Let's explore how to set these criteria for your agent.
Start with User Goals
The best success criteria emerge from understanding what users actually need from your agent. Our personal assistant exists to help users accomplish tasks, so we should define success in terms of those tasks.
Start by listing the main capabilities you've given your agent. For our assistant, that might include:
- Answering factual questions
- Performing calculations
- Managing calendar events
- Retrieving information from memory
- Planning and executing multi-step tasks
- Searching the web for current information
For each capability, ask: What would a successful interaction look like from the user's perspective?
Example: Calendar Management
When a user says, "Add a dentist appointment next Friday at 3 PM," success means:
- The event is created in the calendar
- The date is correct (next Friday, not this Friday or some other day)
- The time is correct (3 PM, not 3 AM or 2 PM)
- The description is accurate ("dentist appointment")
- The user receives confirmation
Notice how specific this is. We're not just saying "the agent should handle calendar requests." We're defining exactly what "handle" means in measurable terms.
Types of Success Criteria
Different capabilities call for different kinds of success criteria. Let's explore the main categories.
Correctness Criteria
Correctness measures whether the agent produces the right answer or performs the right action. This is your most fundamental criterion.
For our assistant:
- Factual questions: Does the agent provide accurate information? If asked "What's the capital of France?", does it say "Paris"?
- Calculations: Does the agent compute the correct result? If asked "What's 15% of 36"?
- Tool use: Does the agent call the right tool with the right parameters? If asked to "check the weather," does it invoke the weather API with the correct location?
- Task completion: Does the agent accomplish what the user requested? If asked to "schedule a meeting," is the meeting actually scheduled?
For our personal assistant, we might set a correctness goal: "The agent should provide correct answers or complete tasks successfully in at least 90% of interactions."
Reliability Criteria
Reliability measures consistency. An agent that works sometimes isn't good enough.
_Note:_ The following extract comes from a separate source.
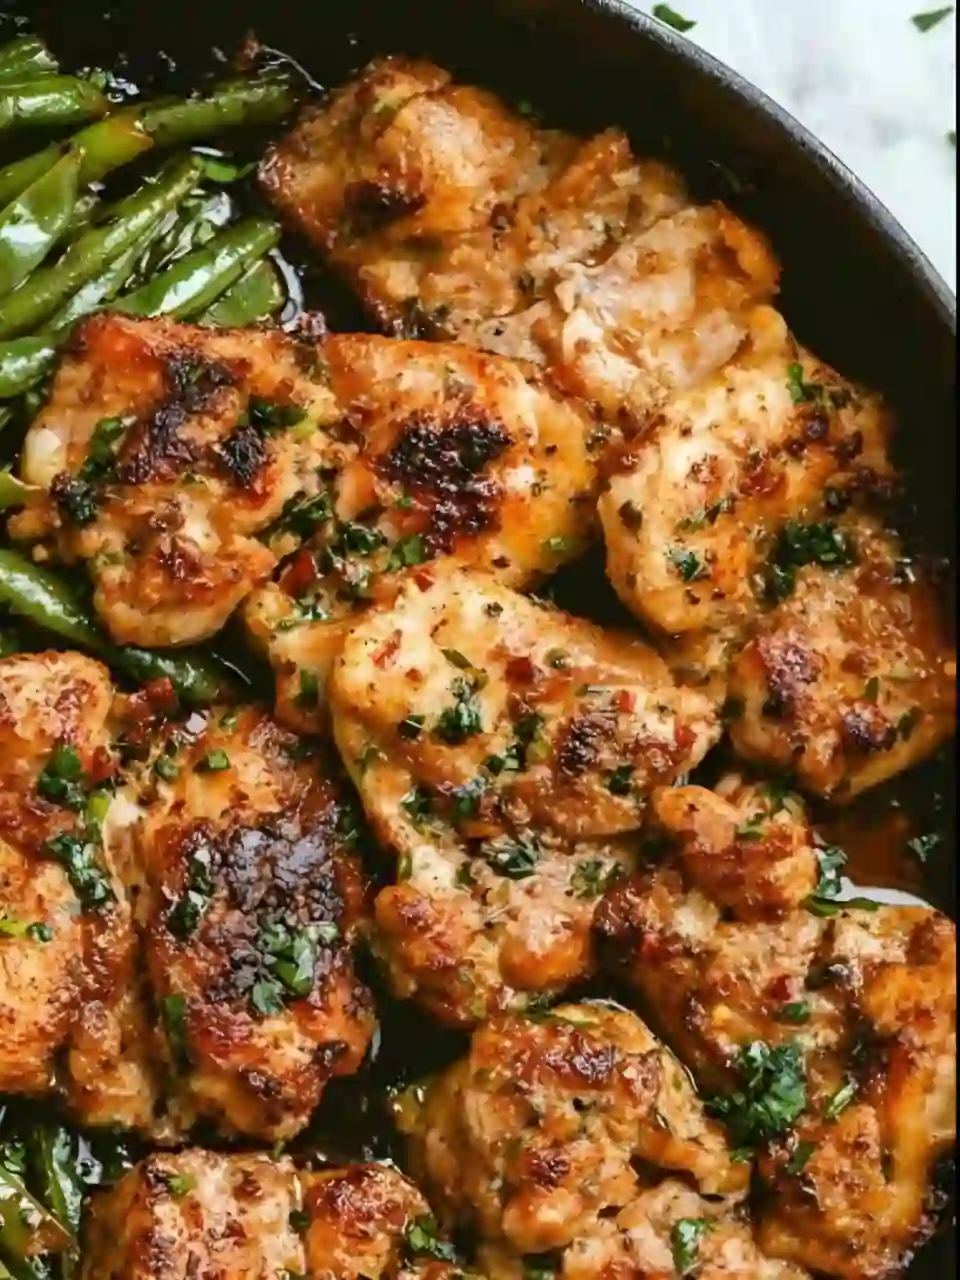 Lemon Garlic Butter Chicken and Green Beans Skillet - Balanced Nutrition with Delicious Flavors 2024!

Consider these reliability dimensions:
- Consistency: Does the agent give the same answer to the same question asked twice?
- Robustness: Does the agent handle variations in phrasing? If a user says "What's tomorrow's weather?" versus "Tell me the weather forecast for tomorrow," does it work both times?
- Error handling: When something goes wrong (a tool fails, information is missing), does the agent handle it gracefully?
For our assistant, a reliability goal might be: "The agent should handle at least 95% of paraphrased queries correctly" or "The agent should gracefully handle tool failures without crashing or giving confusing responses."
Efficiency Criteria
Even correct answers lose value if they take too long. Efficiency criteria measure speed and resource usage.
For our assistant:
- Response time: How quickly does the agent respond? For a simple question, 2 seconds might be acceptable, but 30 seconds is not.
- Tool usage: Does the agent make unnecessary tool calls? If it can answer from memory, it shouldn't search the web.
- Cost: How much does each interaction cost in API calls? If you're using a paid model, efficiency directly affects your budget.
An efficiency goal might be: "90% of simple queries should receive responses within 3 seconds" or "The agent should complete multi-step tasks using no more than 5 tool calls on average."
Safety and Compliance Criteria
Your agent should refuse inappropriate requests and respect boundaries.
Safety criteria for our assistant:
- Refusal handling: Does the agent politely decline requests it shouldn't fulfill?
- Privacy: Does the agent protect sensitive information and not leak it in responses?
- Permissions: Does the agent respect access controls? It shouldn't read files or access data it's not authorized to see.
A safety goal: "The agent should refuse 100% of requests that violate safety policies" or "The agent should never expose API keys or passwords in its responses."
User Experience Criteria
Sometimes success isn't just about correctness but about how the interaction feels.
- Clarity: Are the agent's responses clear and helpful? Or confusing and verbose?
- Tone: Is the agent appropriately professional, friendly, or conversational?
- Confirmation: For destructive or important actions, does the agent ask for confirmation before proceeding?
A UX goal: "95% of users should rate the agent's responses as 'clear and helpful' on a post-interaction survey."
Making Criteria Measurable
Good success criteria are specific and measurable. "The agent should be good" isn't useful. "The agent should correctly answer 90% of factual questions from our test set" is.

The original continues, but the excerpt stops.